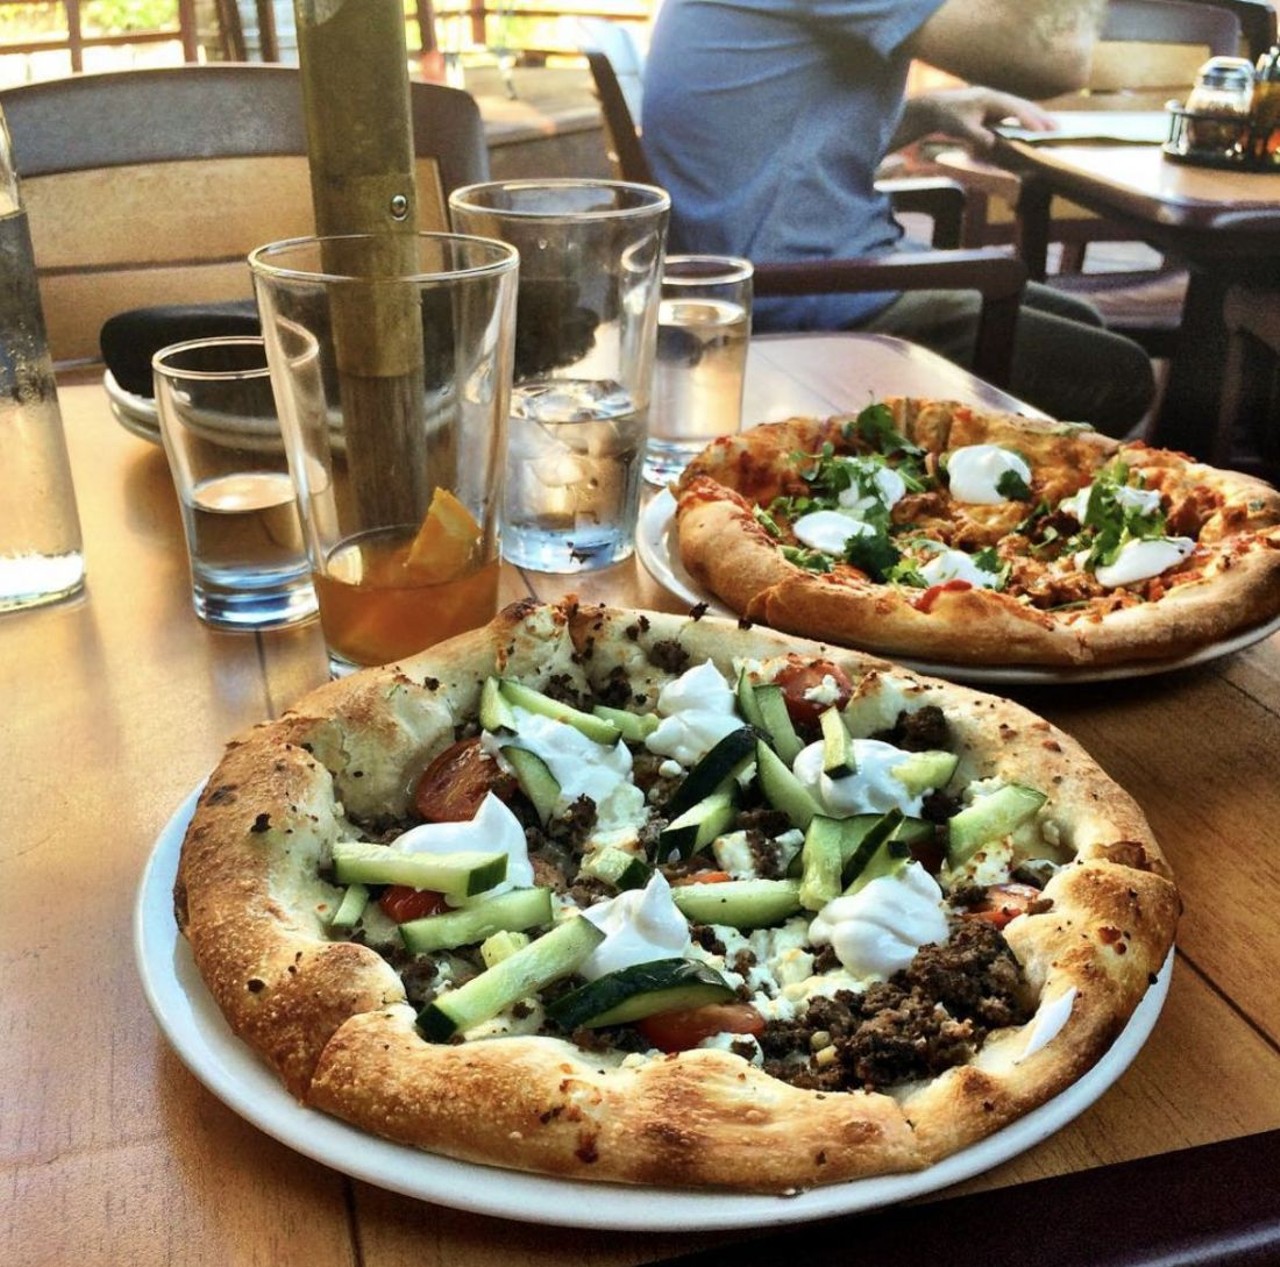 Motor City Brew Works
470 W Canfield St, Detroit, MI 48201
Take the kids out for a slice of pie from Motor City Brew Works brick oven pizza oven. From plain cheese to lamb and mint, this place will work for any kid whether they&#146;re picky or flexible.
Photo courtesy of @d_reils
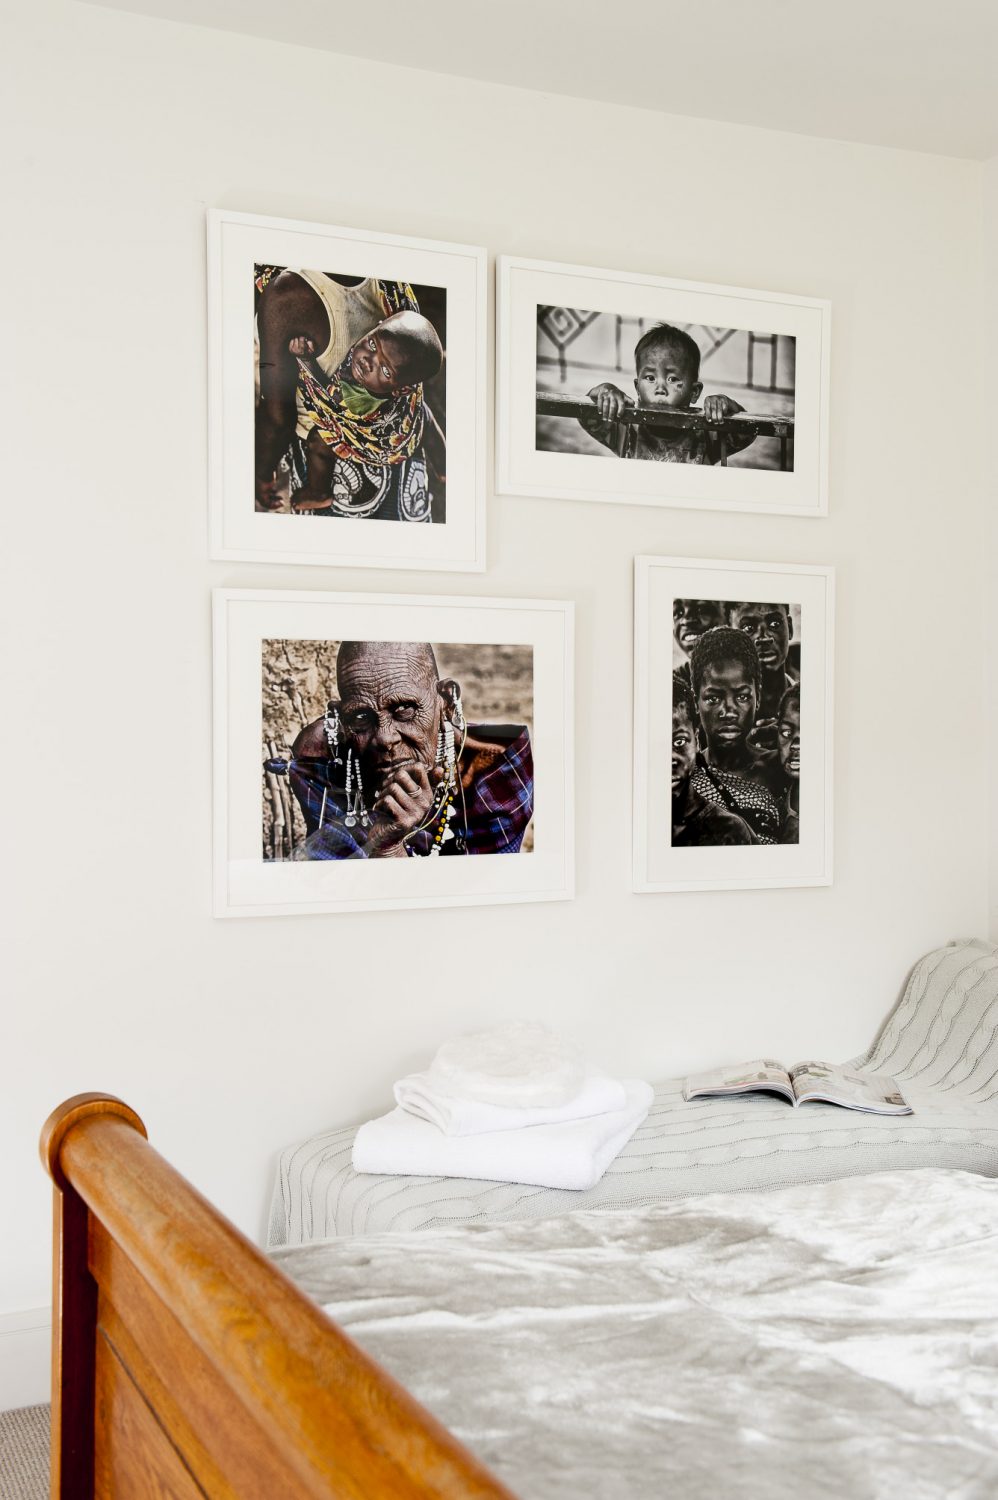 Ali’s photographs, taken on her travels, are on display throughout the house

########

§ **Exercise prompt**: Each line from the one containing "470 W Canfield St, Detroit, MI 48201" through the last line of the data should be written out exactly. Skip the pictures, and add no other lines.

§ **Written answer**:
470 W Canfield St, Detroit, MI 48201
Take the kids out for a slice of pie from Motor City Brew Works brick oven pizza oven. From plain cheese to lamb and mint, this place will work for any kid whether they&#146;re picky or flexible.
Photo courtesy of @d_reils
 Ali’s photographs, taken on her travels, are on display throughout the house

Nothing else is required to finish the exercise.